Je me souviens bien d’autrefois, comme si c’était hier, les villes où j’avais vécu, le visage de mon père, de ma mère, les fleurs jaunes de la voisine, la gueule du poulet rôti du dimanche, les frites qui allaient avec, les ballades en voiture, à pied en forêt, les odeurs de pieds dans la maison, ma première bicyclette, le premier roman que j’avais lu, ma meilleur copine, une congolaise qui s’appelait Prisca, mes grosses larmes le jour de son départ, mon voyage scolaire en Mandchourie, à Jilin, mon voisin chilien dont j’étais secrètement amoureuse.

Pourquoi avoir banni le passé ?  Comment faisons-nous pour vivre en feignant de l’ignorer, comme s’il n’avait jamais existé ? 

Je crois que nous nous sentons coupables d’avoir orchestré notre propre mise à mort. Je me souviens que tout le monde était enthousiaste avant la guerre. L’alcool coulait à flot dans une ambiance de kermesse. Il y avait cette femme, notre voisine, qui haranguait la foule avec des mots d’une violence telle que je ne la reconnaissais pas.

C’était une femme d’ordinaire effacée, qui ne s’intéressait pas à la politique, qui cherchait un homme pour ne pas finir vieille fille. Ma mère l’invitait souvent à la maison pour partager le repas. Elle s’insurgeait contre la bêtise des autres, leur mépris. Les gens heureux se moquent vertement de ceux qui ne sont pas eux. C’est ainsi, la vie est une compétition et il vaut mieux faire partie des plus forts, à moins que vous vous taisiez.

Les hommes bombaient leur torse pour elle, des hommes qui ne venaient pas d’ici, des étrangers. Les gens heureux étaient jaloux dans le quartier, ils avaient perdu la face.

Une bonne partie de l’humanité souhaitait cette guerre, à cause de tout ce qui avait pu être dit entre nous, dont une bonne part de mensonge. On pense toujours que la guerre est la solution à tous nos problèmes.

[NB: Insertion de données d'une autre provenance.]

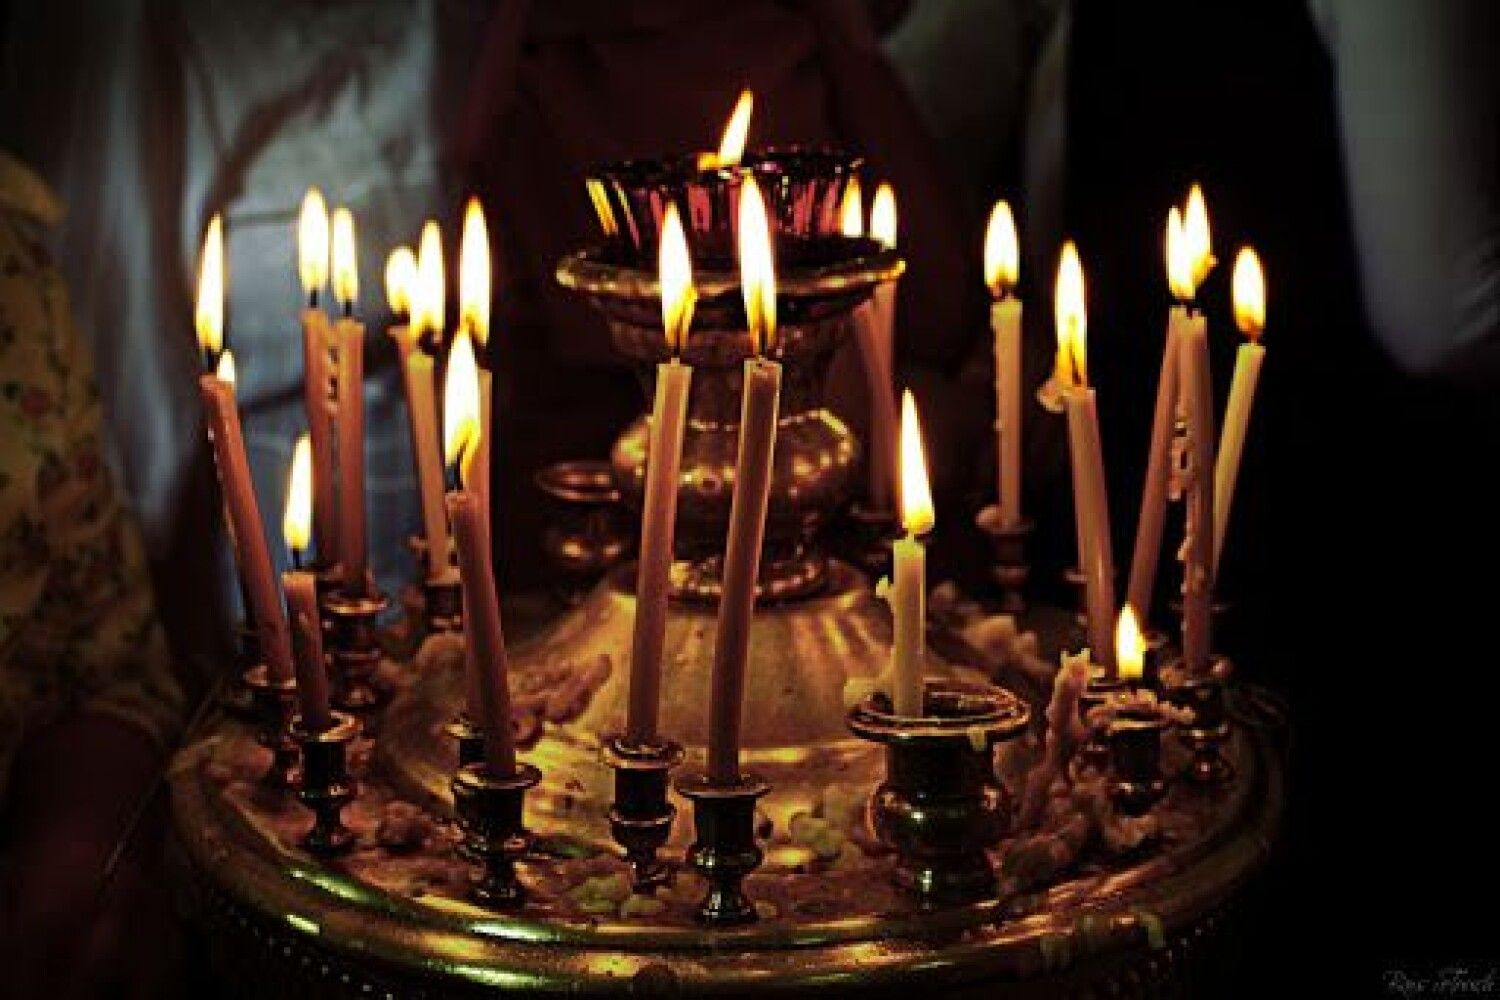 В церкви горят свечи. Церковные свечи. Свечка в церкви. Свечи на подсвечнике в храме. Торт с церковными свечами.
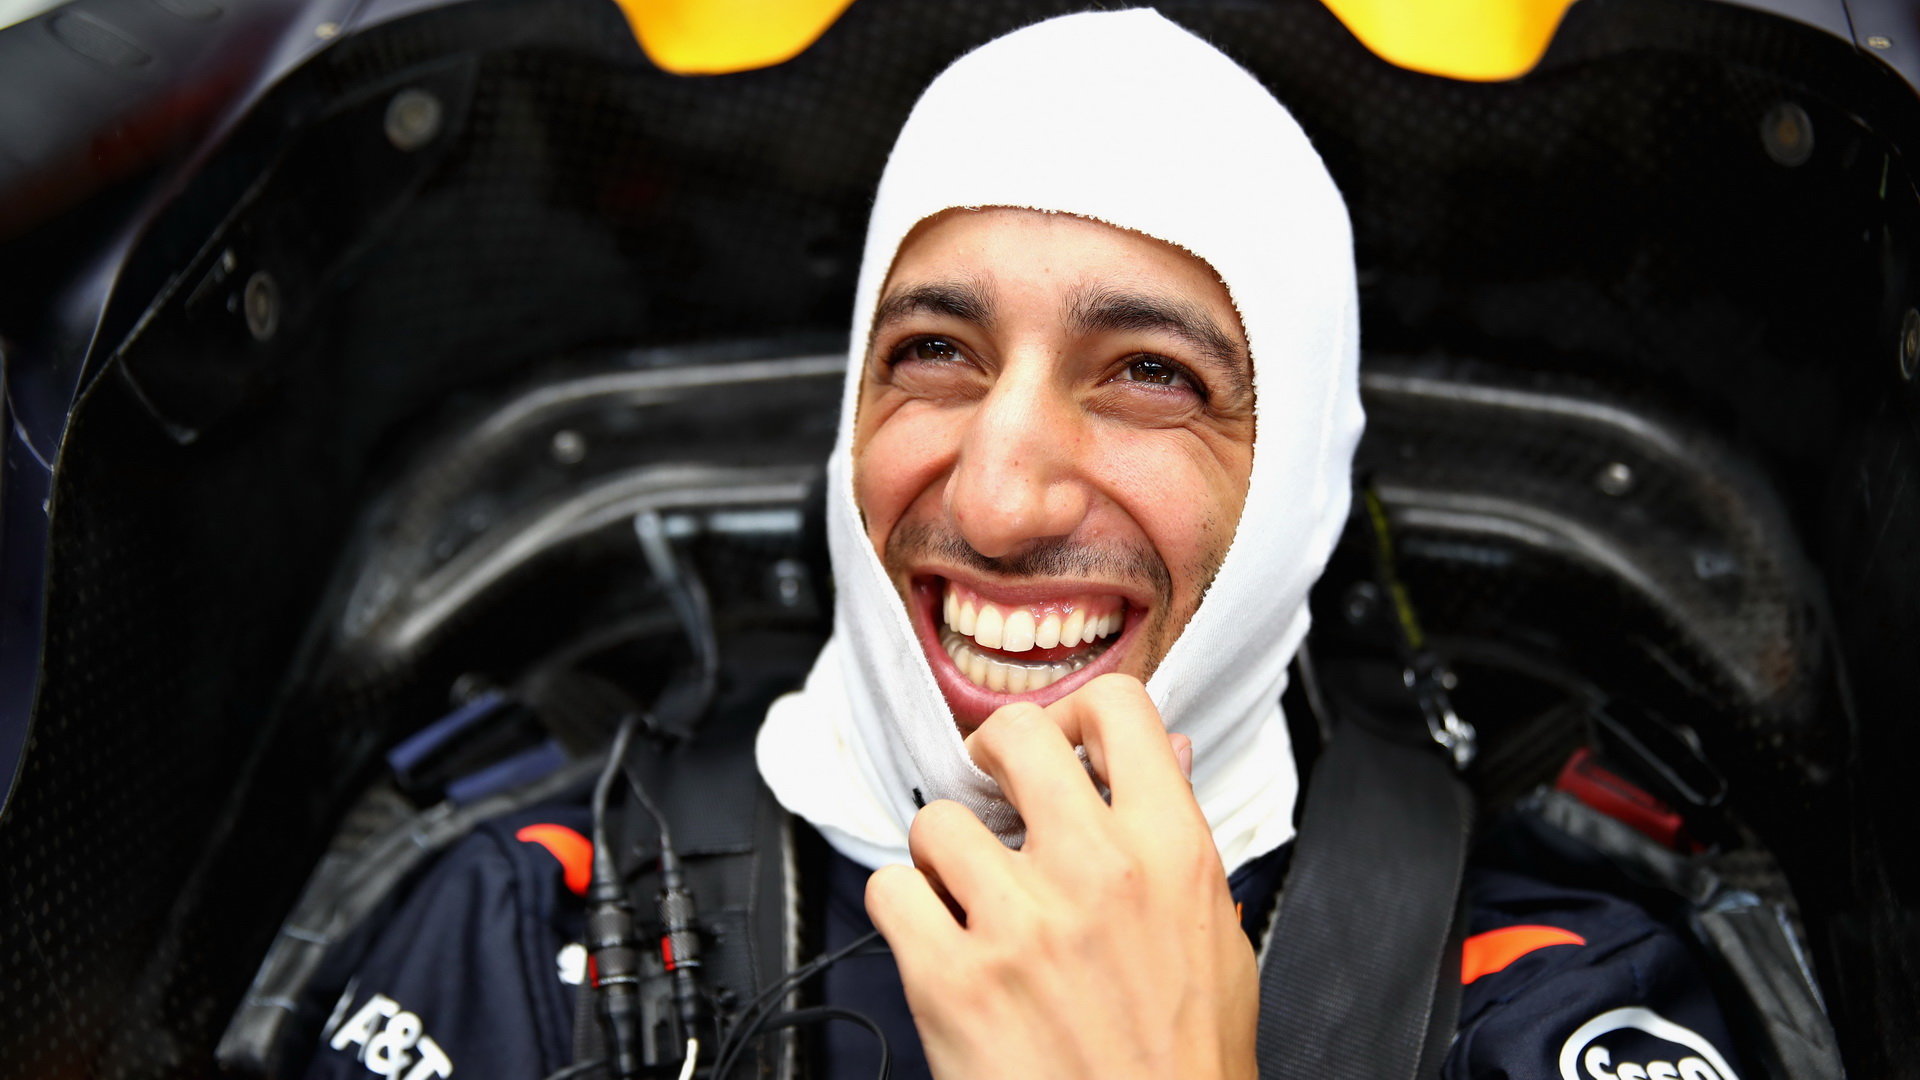 Nová specifikace motoru je pro Ricciarda před příští sezónou povzbuzením
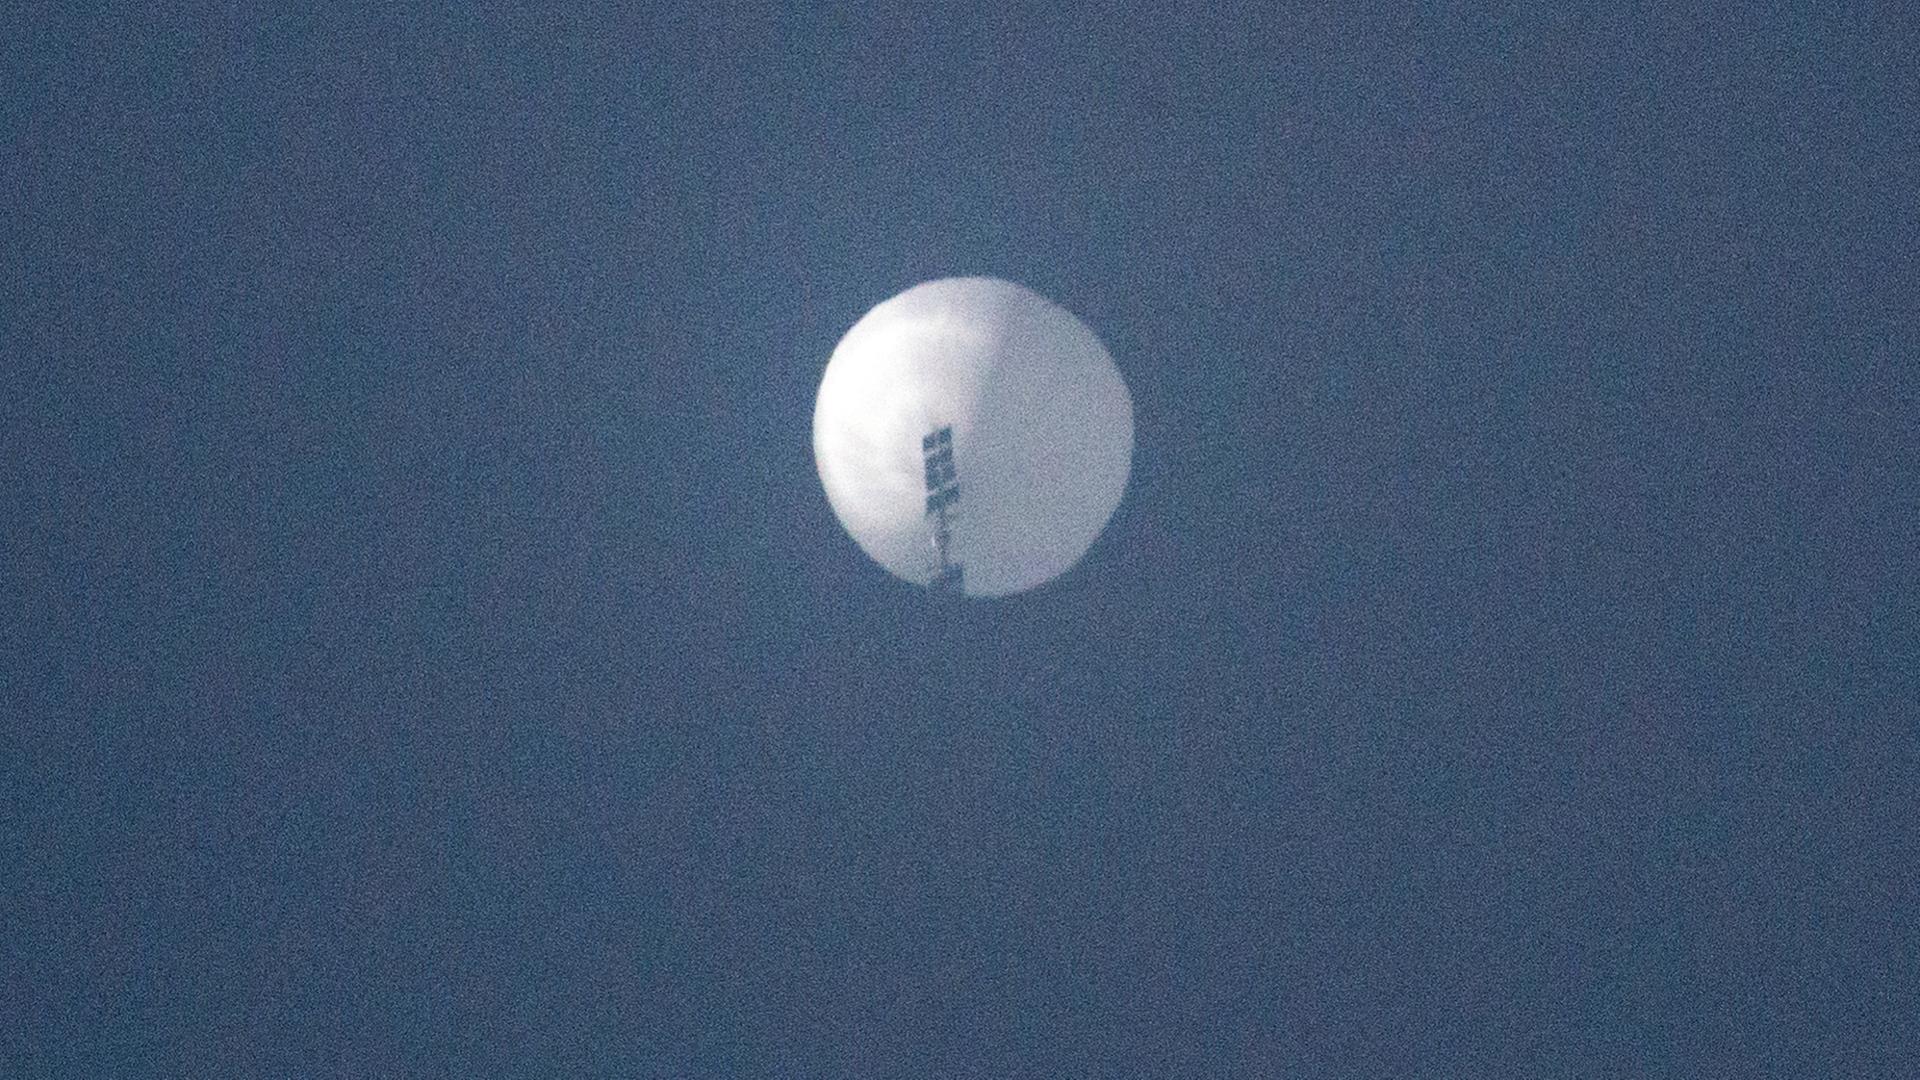 Man sieht den weißen Ballon weit entfernt von unten vor blauem Himmel.

« Quand il n’y aura plus de voyous, le monde ira mieux. »

Qui appelons-nous voyous ?

Les activistes pour les bourgeois, les métis pour les races pures, les pollueurs pour les écologistes, les célibataires pour les gens heureux, les apatrides pour un grand nombre de personne, les sectes qui ont vu autre chose que le Dieu des trois religions, les paresseux que tous voulaient éliminer purement et simplement.

Nous avons joyeusement étripés tous ceux qui ne nous ressemblaient pas. Un joyeux feu d’artifice de chair à canon. Tellement humain, la guerre, l’oubli, le mensonge !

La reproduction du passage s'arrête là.